Anopheles darlingi human biting rate was correlated to the malaria incidence rate in children one month later. This is consistent with what was previously found in correlating entomological data with malaria incidence in the general population . Nevertheless, none of the 148 specimens of this species collected from January 2003 to December 2006 in Camopi was found naturally infected with Plasmodium . This study focused on young children with the hypothesis of a nightly transmission due to the characteristics of An. darlingi . Other authors mentioned that An. darlingi has a 24 hours activity and can be found outside during the day in French Guiana . Other anopheline species could play a role in the transmission of malaria including during the morning [6, 29, 30] or in a sylvatic environment around the hamlets . Indeed, An. nuneztovari could play a role in the transmission, along the Camopi River where the incidence remains higher. Indeed, this species could be a secondary vector when present in sufficient numbers. This species, exophilic and aggressive on humans, may be collected on humans in large numbers in some Amazonian areas [20, 31, 32].

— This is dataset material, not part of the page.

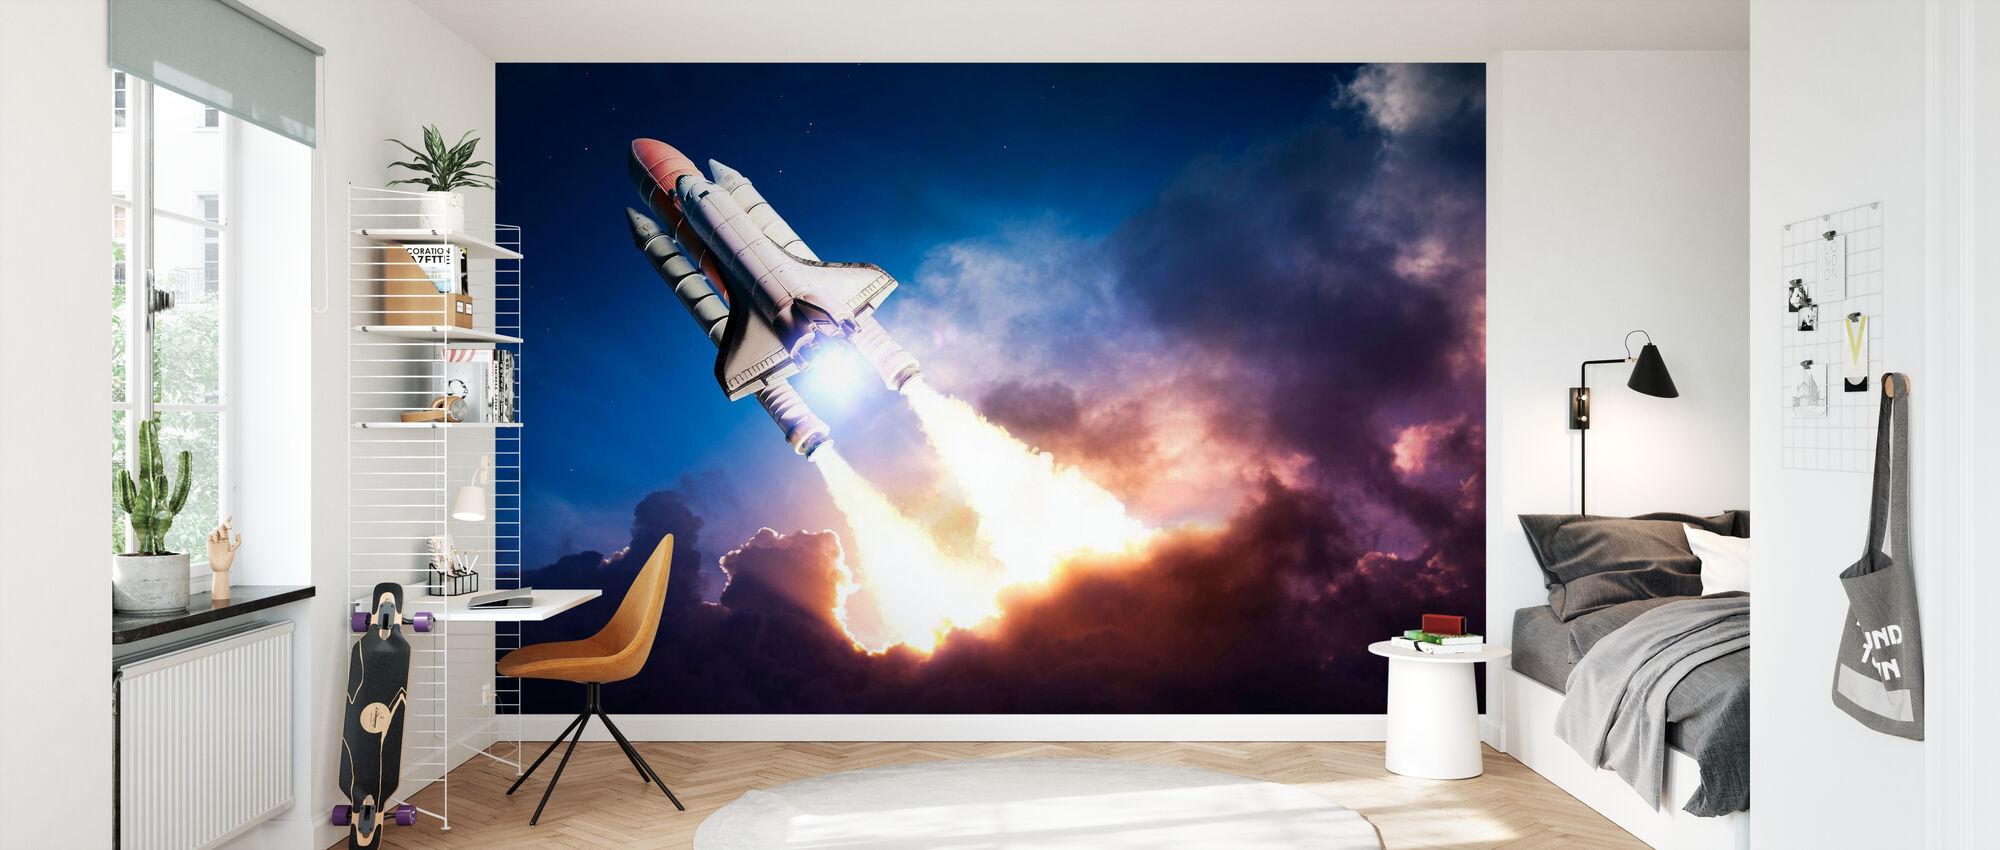 Space Adventure - Wallpaper - Kids Room
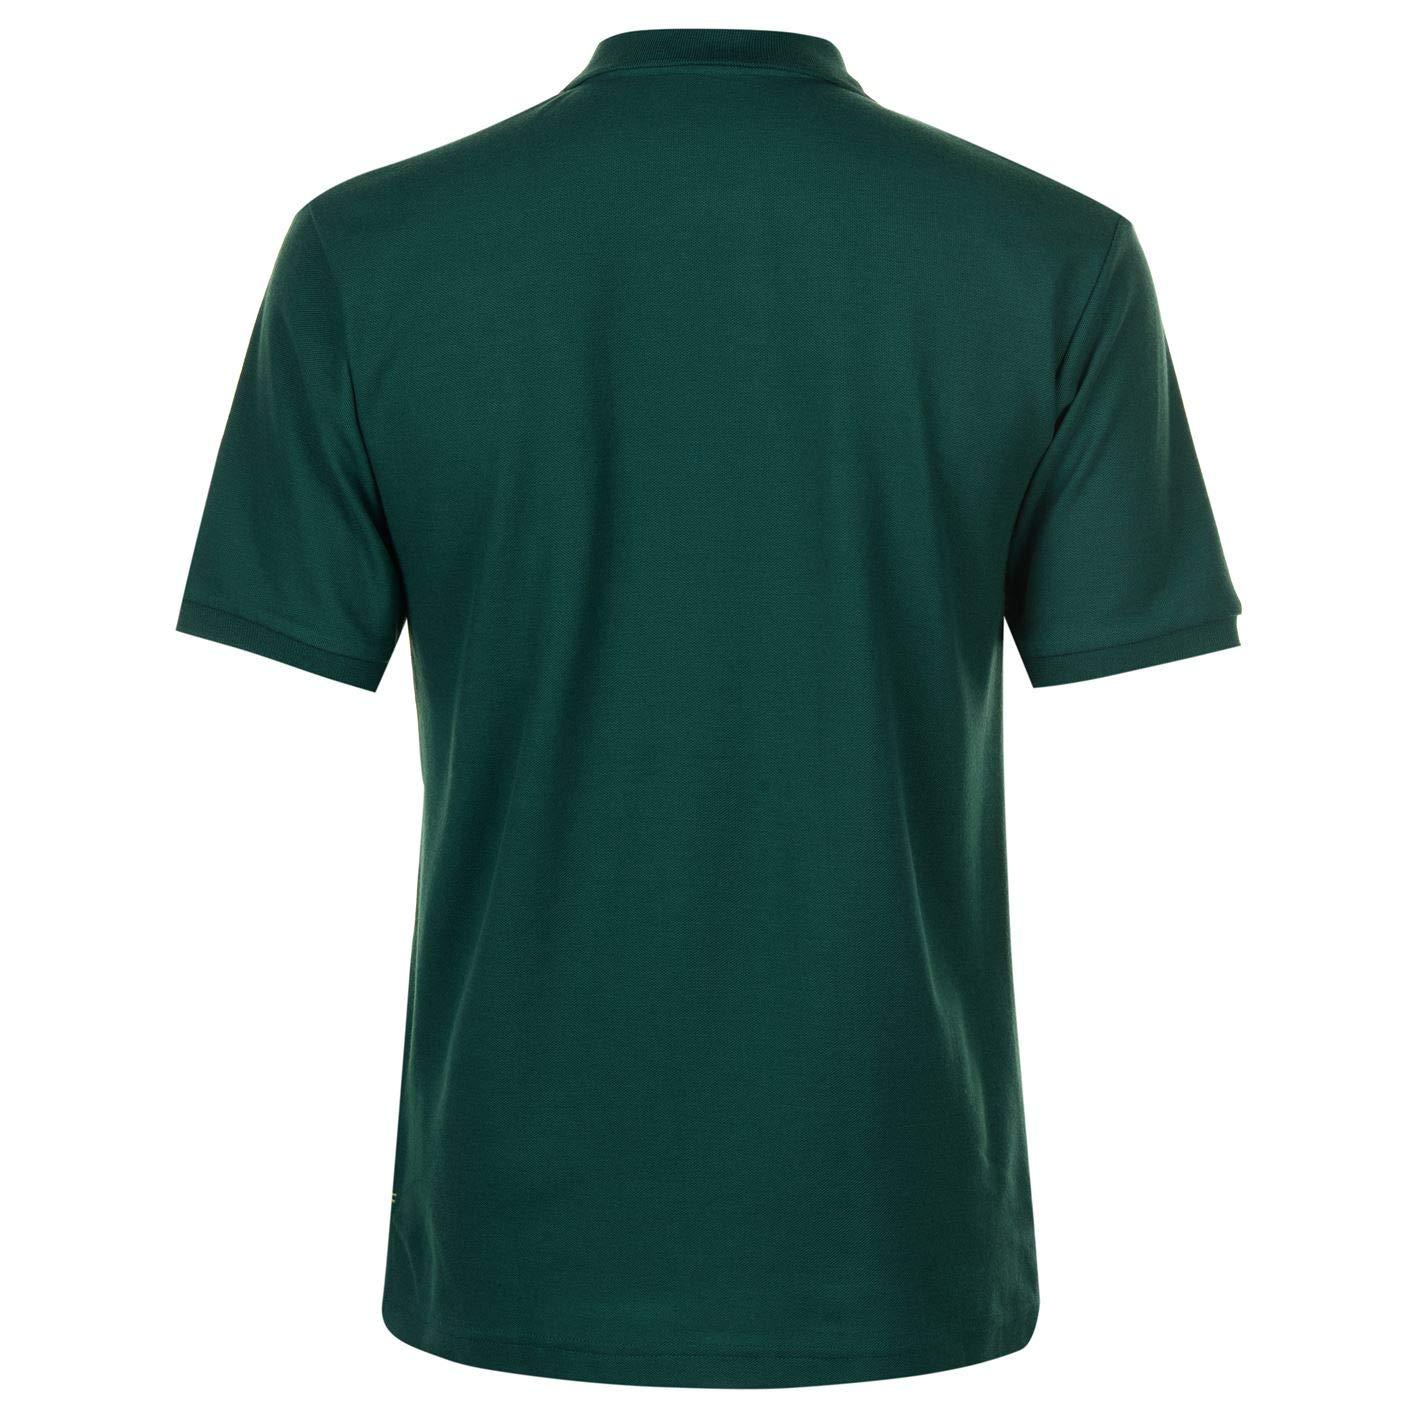 Slazenger Herren-Poloshirt, kurzarm B07J5QN85L Poloshirts Einfach zu zu zu bedienen 1ca047

Given that it can be assumed that An. darlingi transmitted P. vivax and P. falciparum, it was intriguing to observe that P. vivax had a high transmission in May and June whereas P. falciparum had a much lower transmission during the last period. A tentative explanation is that the age composition of the An. darlingi population may depend on the seasons and the environment [9, 33]. Thus, long-lived females that would be good vectors for the two plasmodial species might be responsible for malaria transmission in December and January. On the other hand, females with a lower life expectancy would be poor vectors for P. falciparum which has a longer extrinsic cycle than P. vivax, and should be responsible for the transmission of P. vivax in May and June only. Unfortunately, the comparison of survival rates of females in these two periods could not be performed due to the low numbers of mosquitoes collected. Another explanation is that P. vivax relapses in the months following the first peak provide gametocytes to the emerging vector population thus amplifying the vivax transmission.
Even if the distribution of malaria is determined by climatic and other geographic factors which affect mosquito and Plasmodium reproduction at a given time, malaria is also influenced by environmental changes . Therefore, the impact of deforestation on malaria transmission that has been previously described [18, 34–36] should be investigated in this area where the settlement of Amerindian populations coupled with gold-mining activities constantly cause forest openings.